(Action item): Every line from the one with "Poul Henningsen designed" through the final line of the data below goes in the answer, copied exactly. Pictures do not.

(Exercise data):
◇ ◇ ◇ ◇ ◇ ◇ ◇

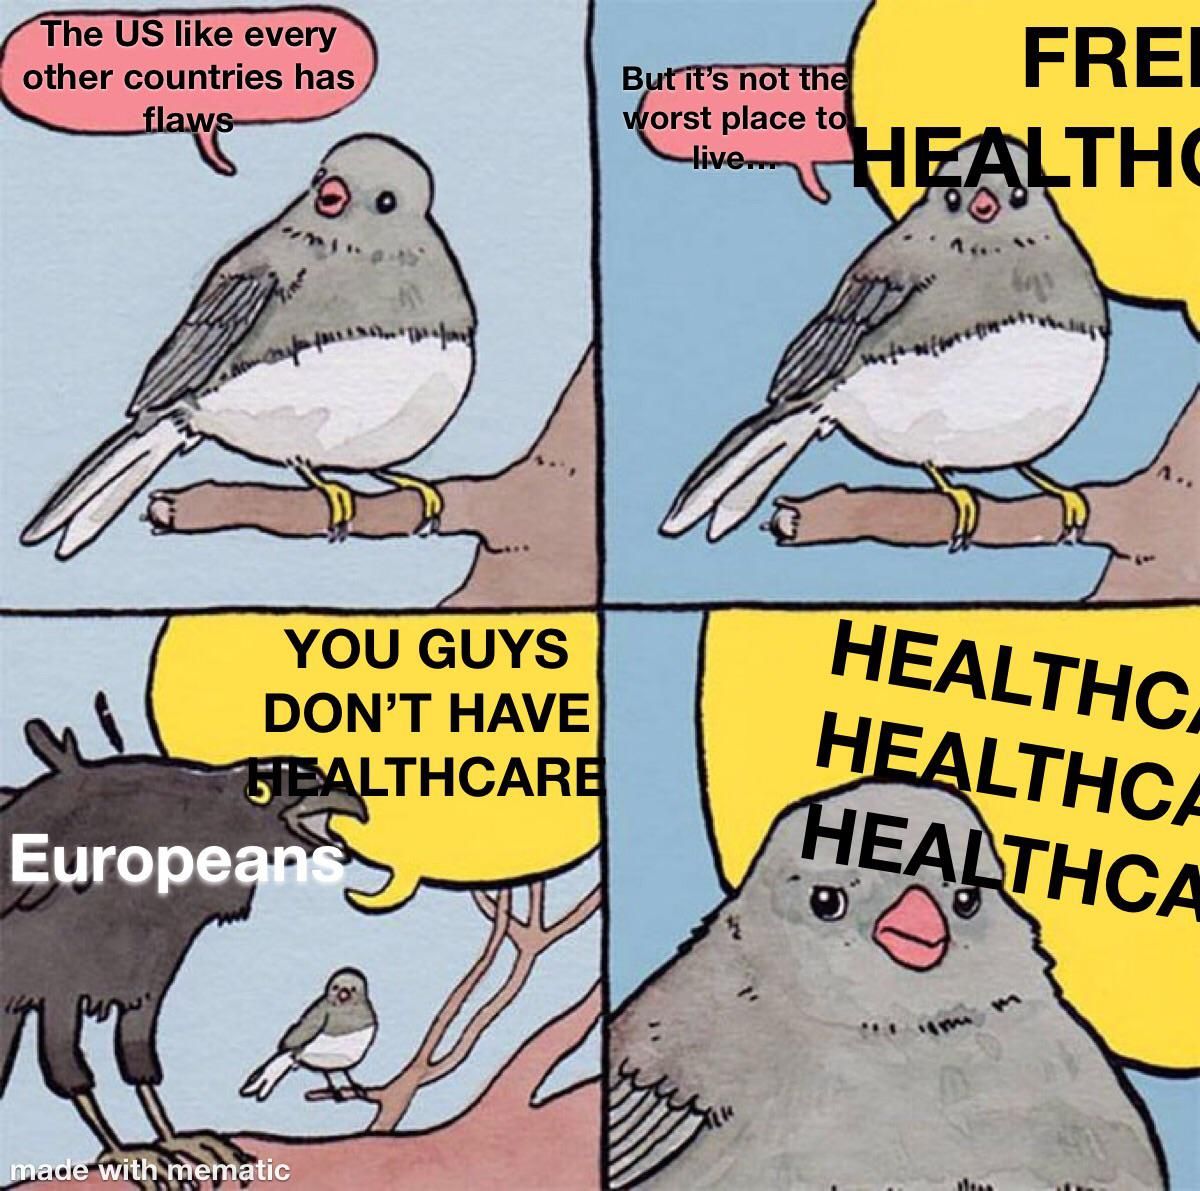 This meme was made in Europe
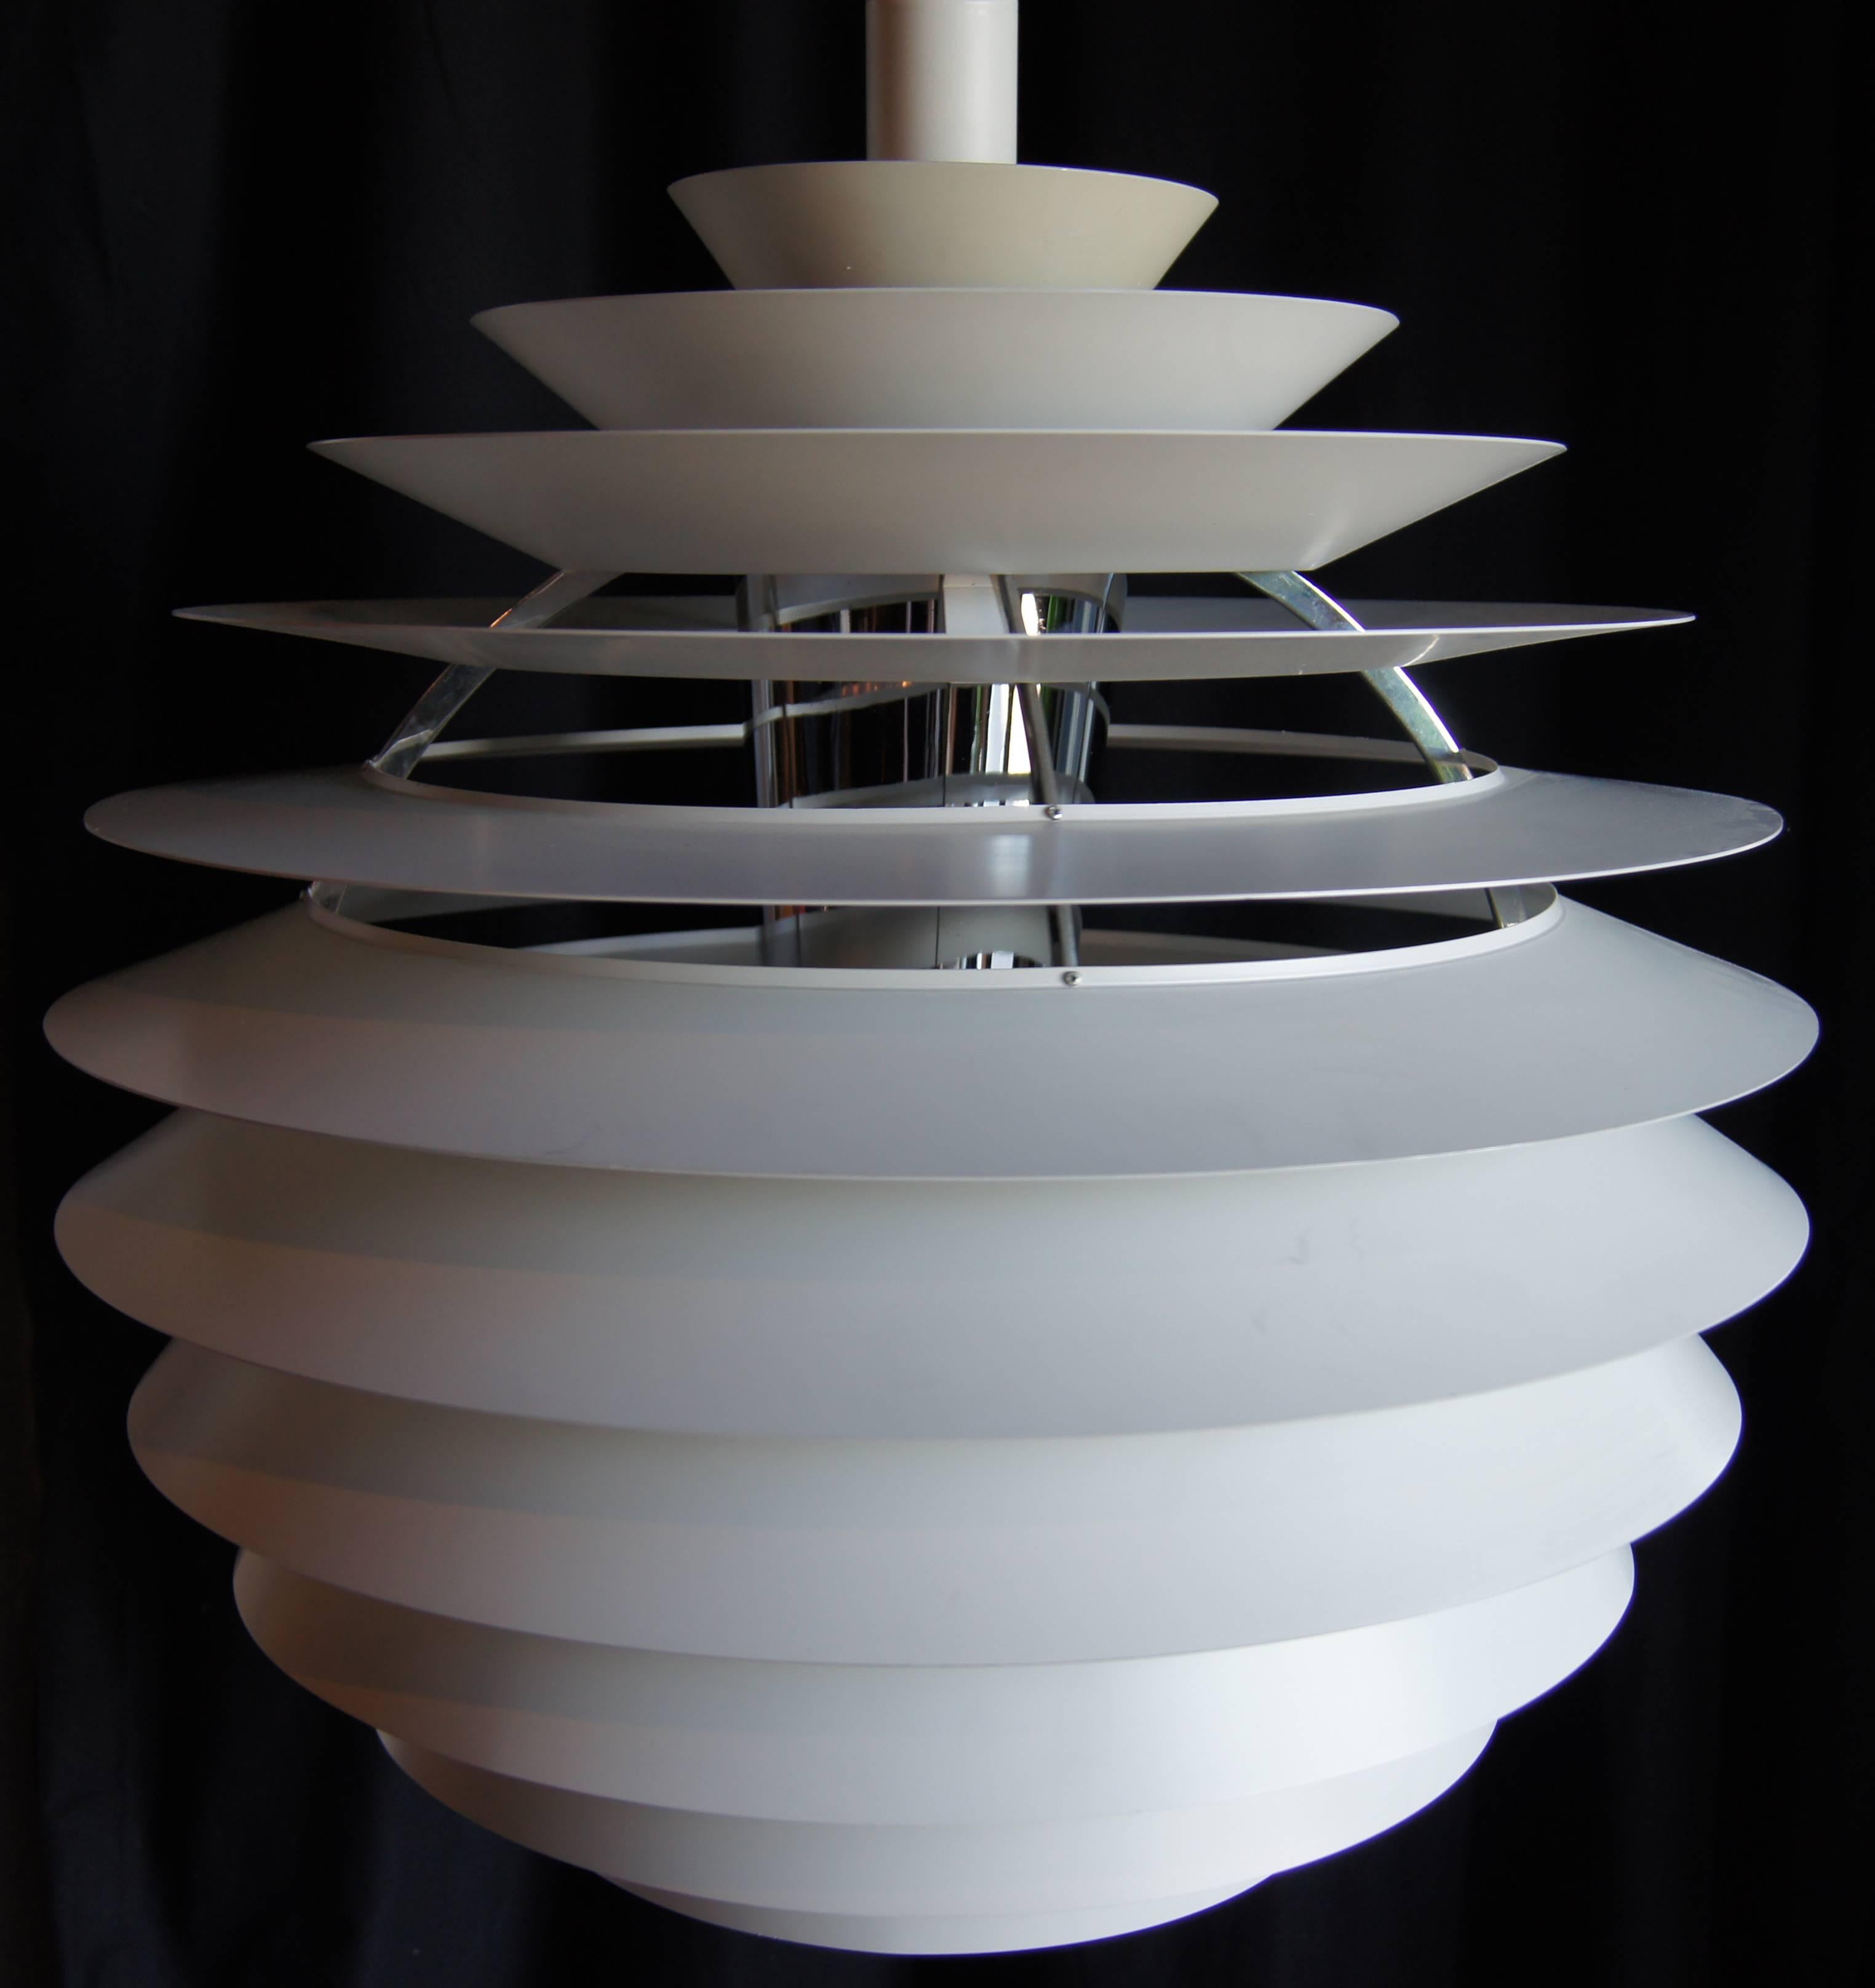 Poul Henningsen designed this pendant lamp for Louis Poulsen in 1957. The white lacquered metal tiers form an elongated globe that emits an even light.

Note that this fixture has a European socket; bulb and canopy not included.

◇ ◇ ◇ ◇ ◇ ◇ ◇

(Task solution):
 Poul Henningsen designed this pendant lamp for Louis Poulsen in 1957. The white lacquered metal tiers form an elongated globe that emits an even light.

Note that this fixture has a European socket; bulb and canopy not included.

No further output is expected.